Endothelin-1 (ET-1),
first described as a vasoconstrictor peptide, is also frequently associated
with the development of tumors. ET-1 binds via two independent receptors A and
B and the expression of these receptors plays an important role in the
development of tumors.
The authors in this
article analyzed the relationship between Tamoxifen, ET-1 overexpression, and estrogen
receptor (ER) leading to Tamoxifen resistance. Breast cancer cell lines
were treated with Tamoxifen, ET-1, estrogen and combinations. Using qRT-PCR,
immune-precipitation, Western blot, EMSA and immunohistology target gene
expression and ER complex partners were investigated. Human biopsies and
mastectomy specimens were immunohistologically studied for Vimentin 3, and ERβ.
The results indicated that breast cancer cells
stimulated with a combination of Tamoxifen and ET-1 downregulate ERα,
while upregulating intracellular ET-1, and ERβ. Immunoprecipation of nuclear extracts with ET-1, ERα or
ERβ agarose conjugated antibodies
revealed a complex formation change replacing ERα by ERβ once Tamoxifen formed a complex with
ET-1. ERβ and ET-1 migrated into the
nucleus.

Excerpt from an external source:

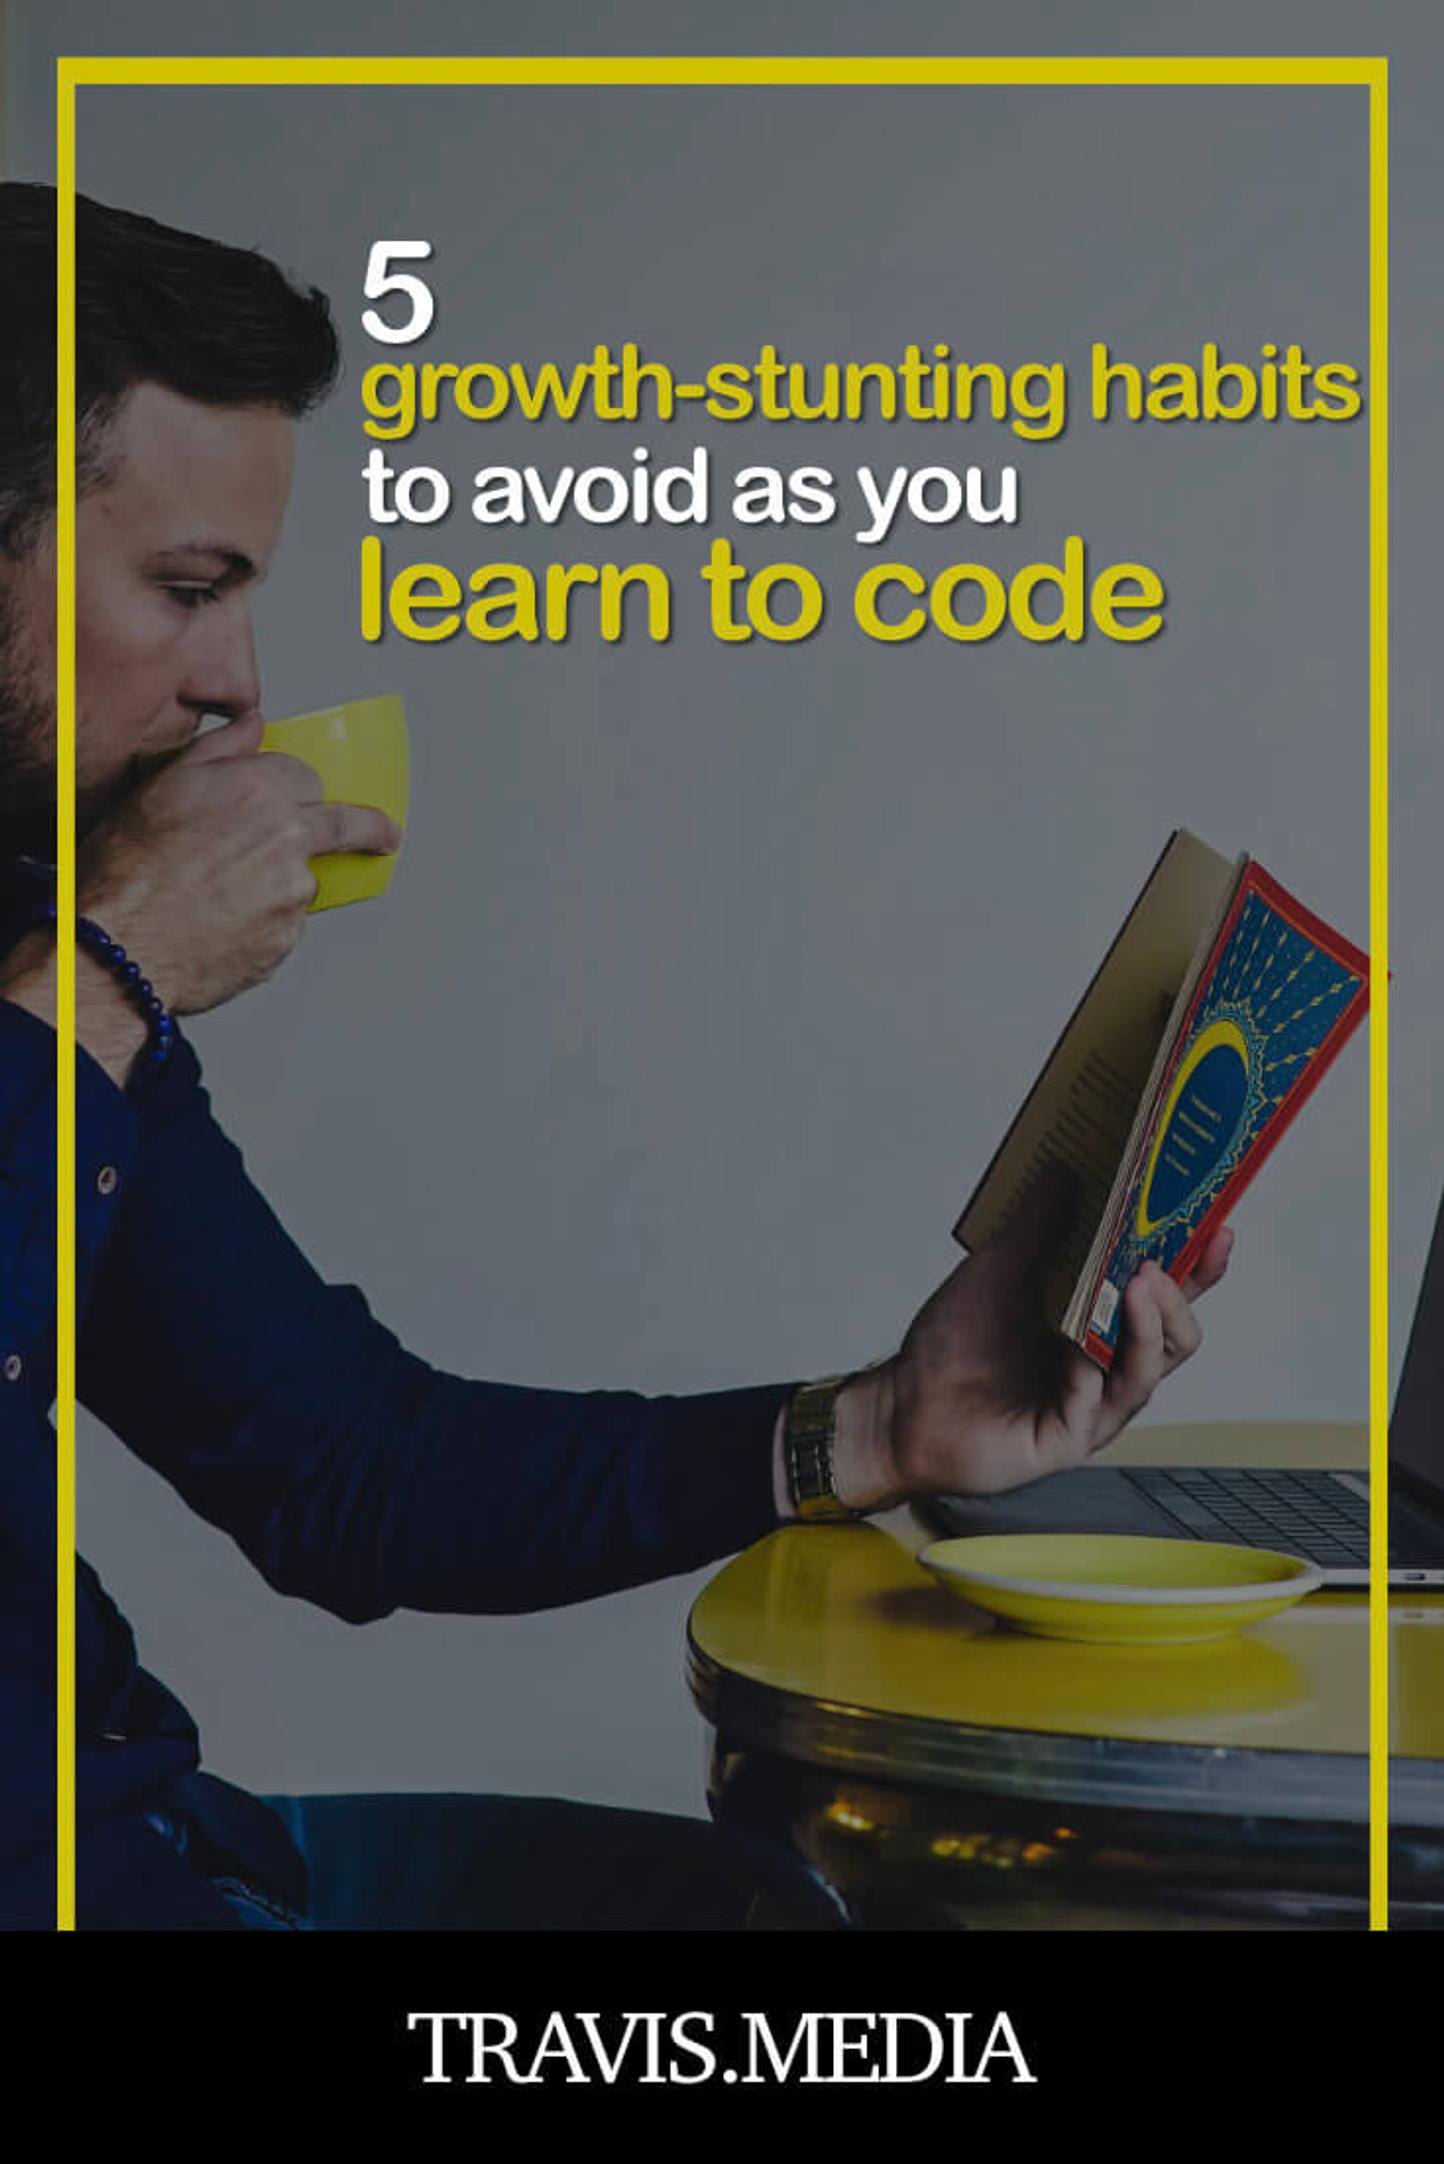 growth stunting habits as you learn to code pinterest image

ET-1 stimulation upregulated metastases promoting target genes (IL-6,
Wnt11), including a novel one, Vimentin 3. Tissue analyses showed Vim3 and ERβ expression in metastases of ERα positive
breast cancer, and in ERα negative biopsies/mastectomy specimens.
From the observations, it can be concluded that in within the limitations
of such a study, ERß seems to be a
more important player in ERα positive
but also in ERα negative breast
cancer, irrespective of the reason for this negativity. The observation of ERß and Vim3 positive tumor parallel the
results from the cell culture study, suggesting that the translocation of ET-1
into the nucleus via ERß is responsible for the overproduction of Vim3, which
may well be important for cells to lose their anchorage, and leave the cell
layer. In short, this concept presents a new treatment approach for
individualized medicine in breast cancer patients with increased ET-1 levels.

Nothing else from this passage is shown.